Additionally, it does not make sense to have 0.4 or some other numbers in the looping. It should be thresholds that would return 1, 2, 3, 4, or 5 conformers (ie 1.0, 0.5, 0.33, 0.25, 0.2).

blake-riley commented 1 year ago

The threshold constraint in MIQP ($t{d{min}}$) is a lower-bound threshold on the occupancy of all conformers, I just want to add my 2ȼ here, and highlight the term "at most" from the paper. $n{conf} \leq 1 / {t{d_{min}}}$. i.e. The thresholds 1.0, 0.5, 0.33, 0.25, 0.2 would return at most 1, 2, 3, 4, or 5 conformers.

In reality, when $t{d{min}}$ = 0.5 (for instance), we tend to get solutions containing 1 conformer with 0.5<ω≤1.0 .

Contention In this light, I think the $t{d{min}}$ = 0.4 (and other, non-1/integer values) are quite reasonable. (For reference, this would return at most 2.5, so still 2 conformers).

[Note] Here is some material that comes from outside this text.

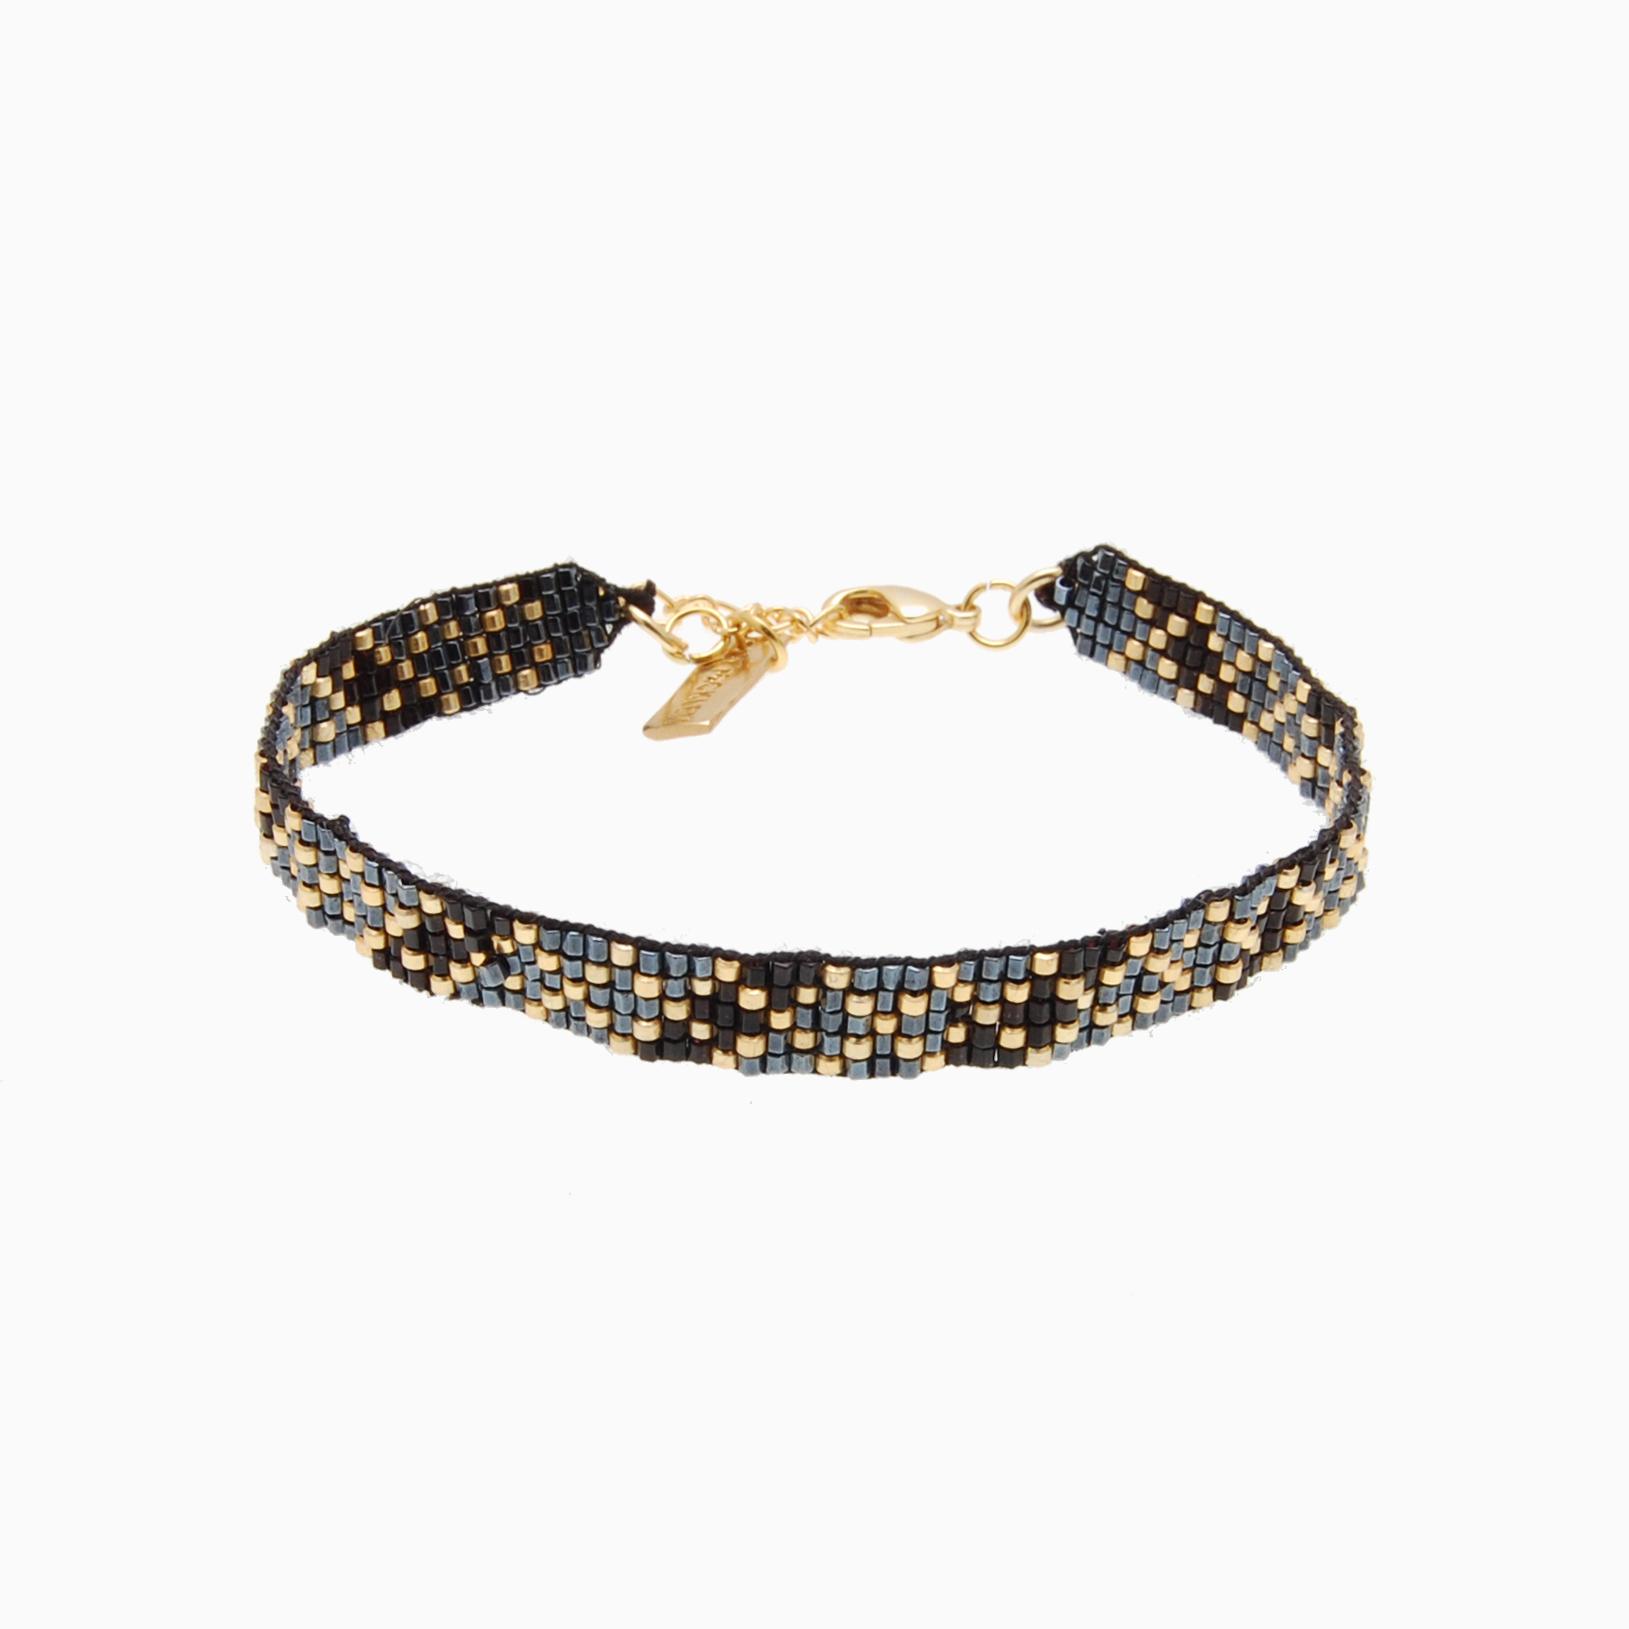 Vævet armbånd med perler, sort/grå | no. 106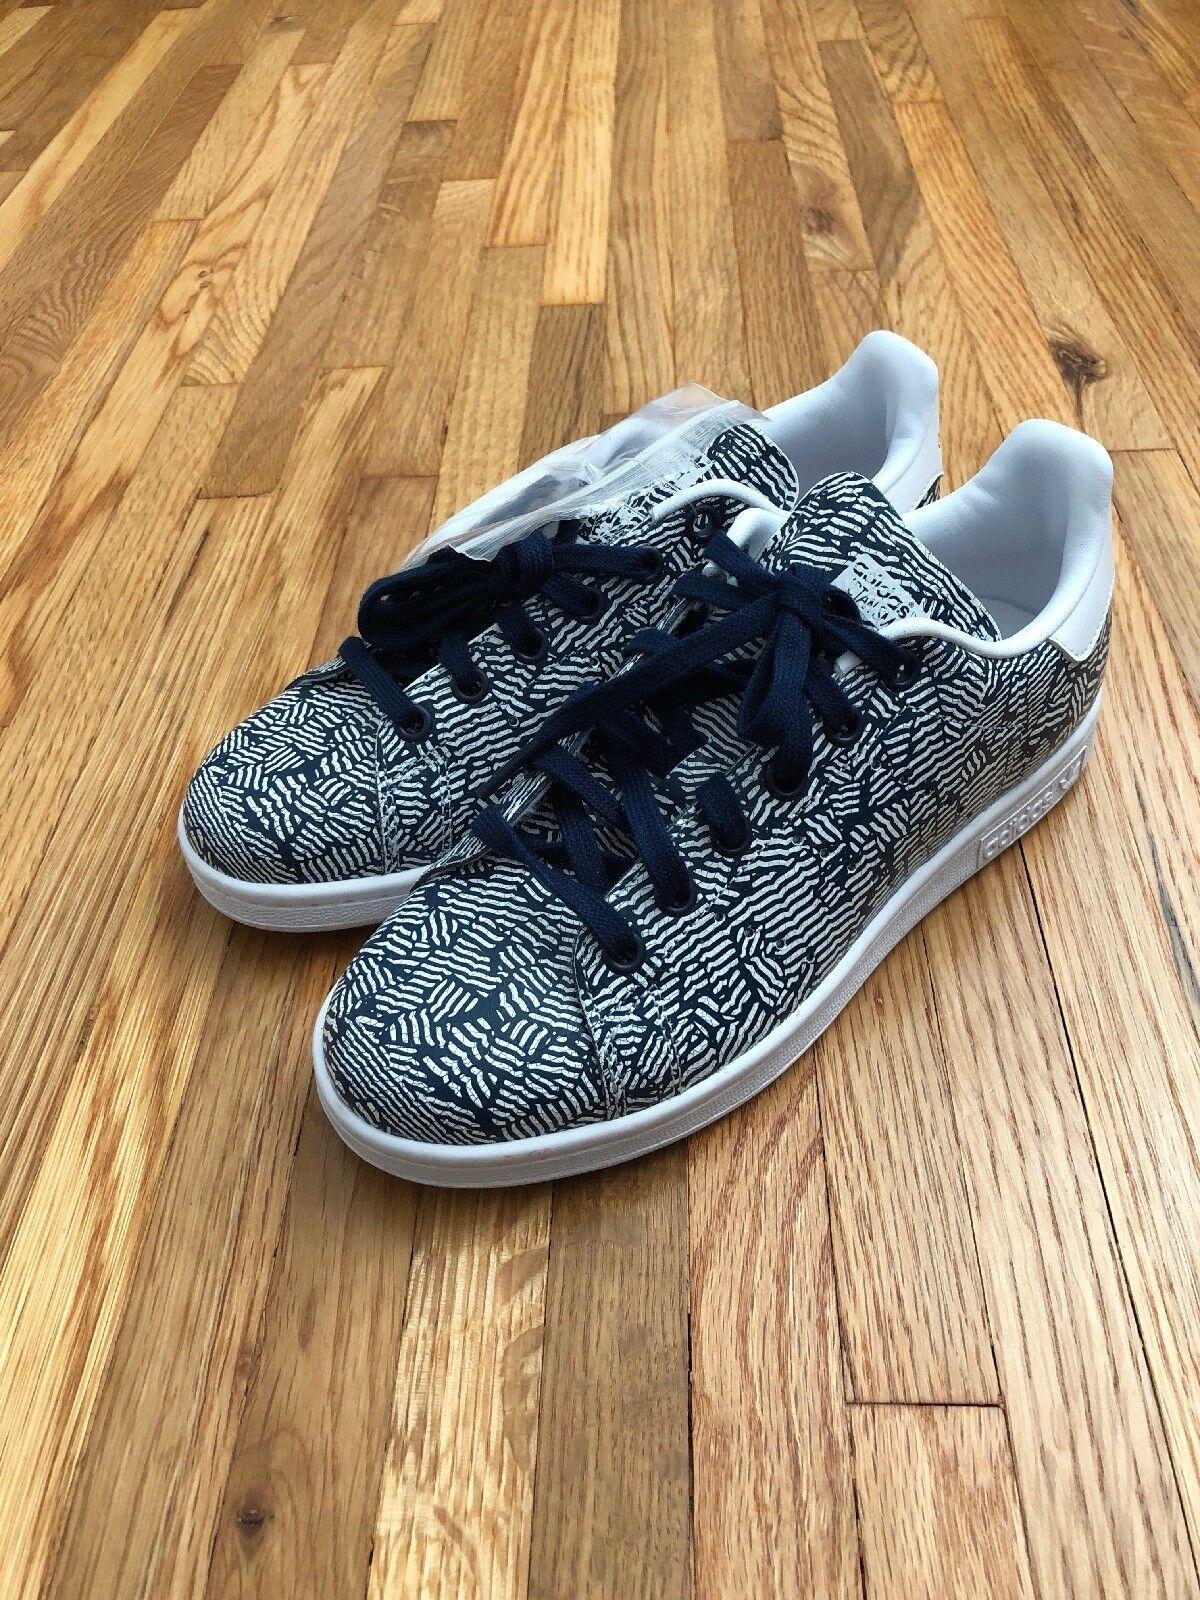 New Adidas Rare Stan Stan Stan Smith Women's shoes Zebra Print White Navy Size 6 RARE 6b25c8

Example (albeit contrived) Imagine a Ser which can occupy two rotamers pointing in opposite directions: one of the directions has the O quite well localized, the other has the O slightly more 'ellipsoidal'. A threshold of 0.5 might give a suboptimal solution, nailing only one of the rotamers with ω={0.6}. A threshold of 0.4 would enable a solution of ω={0.6, 0.4} for two conformers. The threshold of 0.33, could do the {0.6, 0.4} solution, but it might settle on a 'better' solution (improved overall fit to density) of {0.33, 0.33, 0.34}, having split the the 0.6 conformer into two pretty close conformers to cover the 'ellipsoidal' density.

For the context of BIC --- we'd like to have access to the {0.6, 0.4} solution, because it's the parsimonious one. (And phenix can refine an aniso model to that 0.6 rotamer). This might only happen if we scan thresholds that aren't clearly 1/integer.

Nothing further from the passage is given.